You have to set boundaries, if you can. You should try and provide a template for them to use with the expected data, which includes file type (Excel, csv, etc.), column names, valid values, etc. You should allow the used to browse for the file and upload it on your page/form.
Once the file is uploaded, you need to do validation and importation. You can use ADO.NET, file streams, DTS/SSIS, or Office Automation to do this (if you are using the Microsoft stack). In the validation portion, you should tell the user exactly what they did wrong or need to change. This might include having the validation page have the actual data in a datagrid and providing red labels with errors on the exact row/column. If you use Office Automation, you can give them the exact cell number, but the Office PIA is a pain in the neck.
Once validation is accepted, you can import the information however you like. I prefer putting it into a staging table and using a stored proc to load it, but that's just me. Some prefer to use the object model, but this can be very slow if you have a lot of data.
If you are personally loading these files manually and having to go in and manipulate them, I would suggest finding the communality among them and coming up with a standard to follow. Once you have that, you can make it so the user can do it themselves or you can do it a lot faster yourself.
Yes, this is a lot of work, but in the long wrong, when there is a program that works 95% of the time, everybody wins.

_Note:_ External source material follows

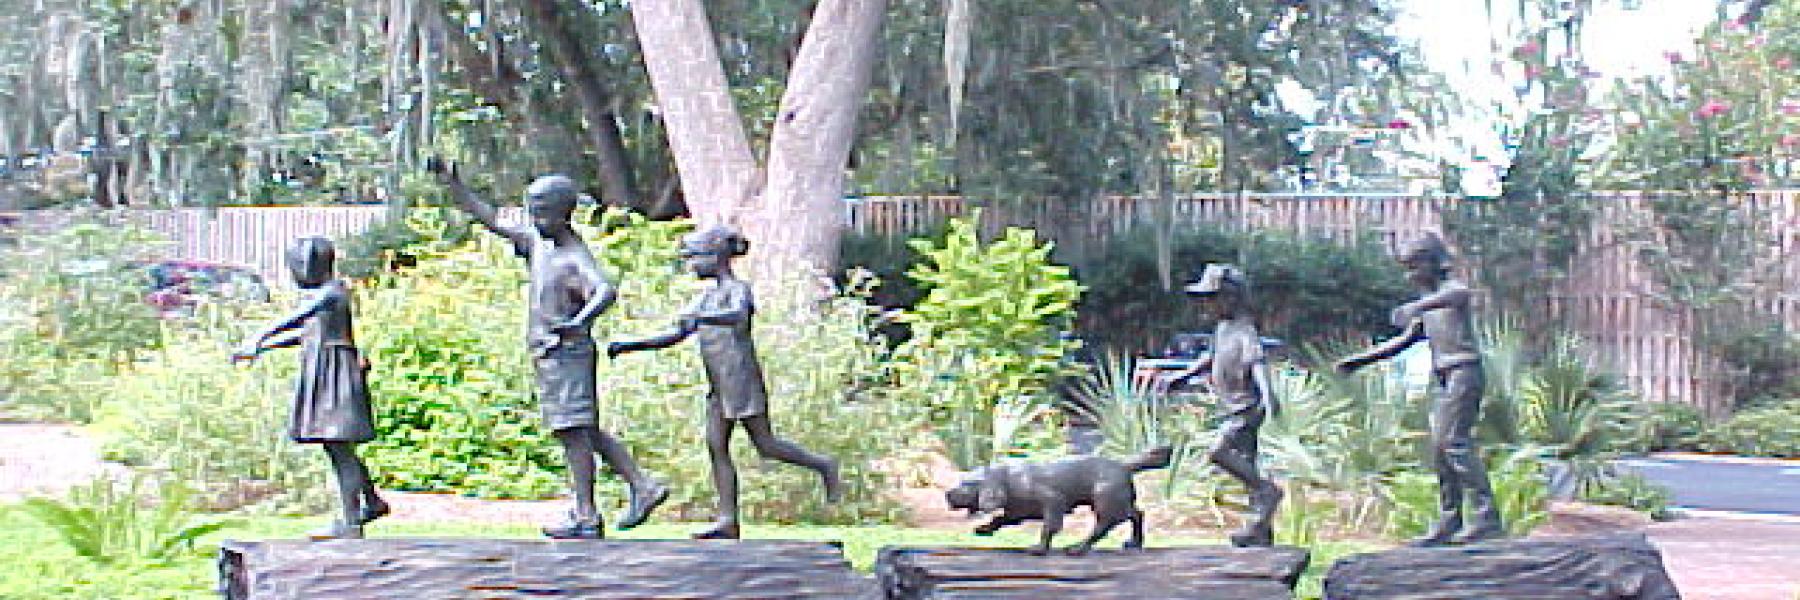 statues at governor's mansion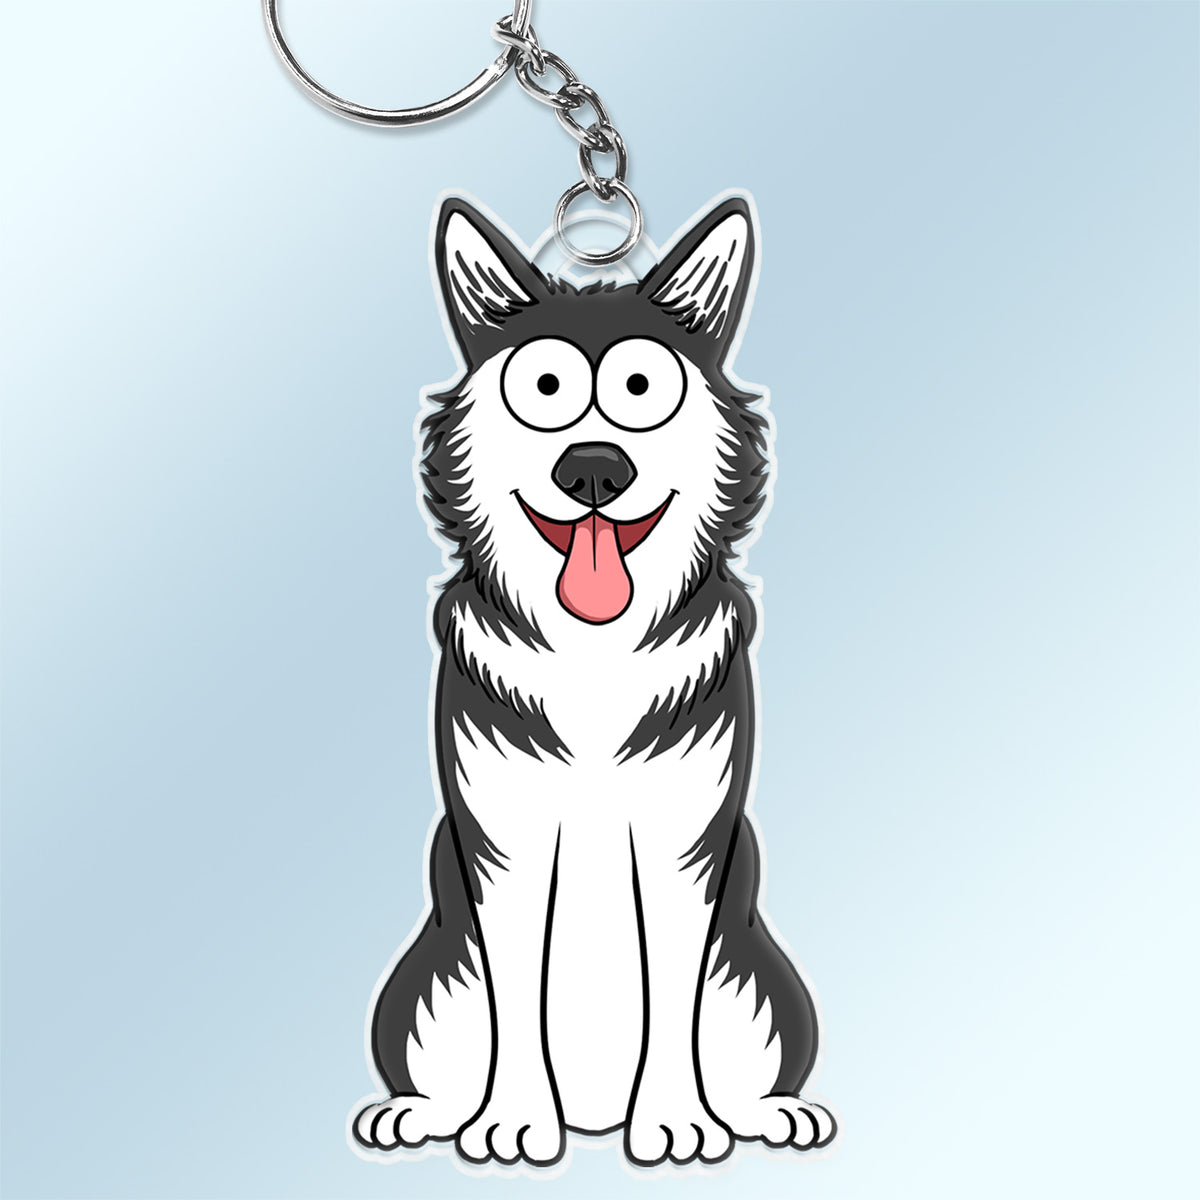 Funny Cartoon Pet - Gift For Cat Lovers, Dog Lovers - Personalized Cutout Acrylic Keychain

If this is going to be a situation which just can’t be automated, then you will probably just have to have a vanilla staging table and have sql to to the importation. You will have to load the data into one staging table, do the basic manipulation, and then load it into te staging table that your SQL expects.
I’ve done so many imports and ETL tools, and there really is no easy way to handle it. The only way is to really come up with a standard that is reasonable and stick to it and program around that.
yeah.. that just sucks.
I would go with the script. And I assume you have repeating columns that have to match a single row in another table. I would do reasonable matching and if you encounter a row that the script can't deal with and move the data...then log it and make someone do it manually.
It's the little details that'll kill you on this, of course, but in general, I've had success with exporting the data as CSV from Excel, then reading it using a rool or script, munging it as needed, and inserting it. Depending on the wonderfulness of my environment, that can be done with a data base interface to the scripting language, down to and including writing SQL INSERT statements into a script file.
There are good CSV packages available for Python, Ruby, and Perl.
A DSL is the way to go.
Create a domain model for your problem. You talk about cells, columns, rows, database tables, splitting fields, combining fields, mapping from cells to database columns, so that are the concepts you need. In addition you probably want ranges (of cells), and sheets.
A simple view looks only at the values in the spreadsheets, not the underlying formulas. Exporting the spreadsheet as tab-separated text gives you access to that. If you need access to the formulas, you're better of with the xml representation, either the XML-spreadsheet, or the Office XML format.
You might be able to come up with a DSL in Excel. That could allow your smarter users to do (part of) the mapping.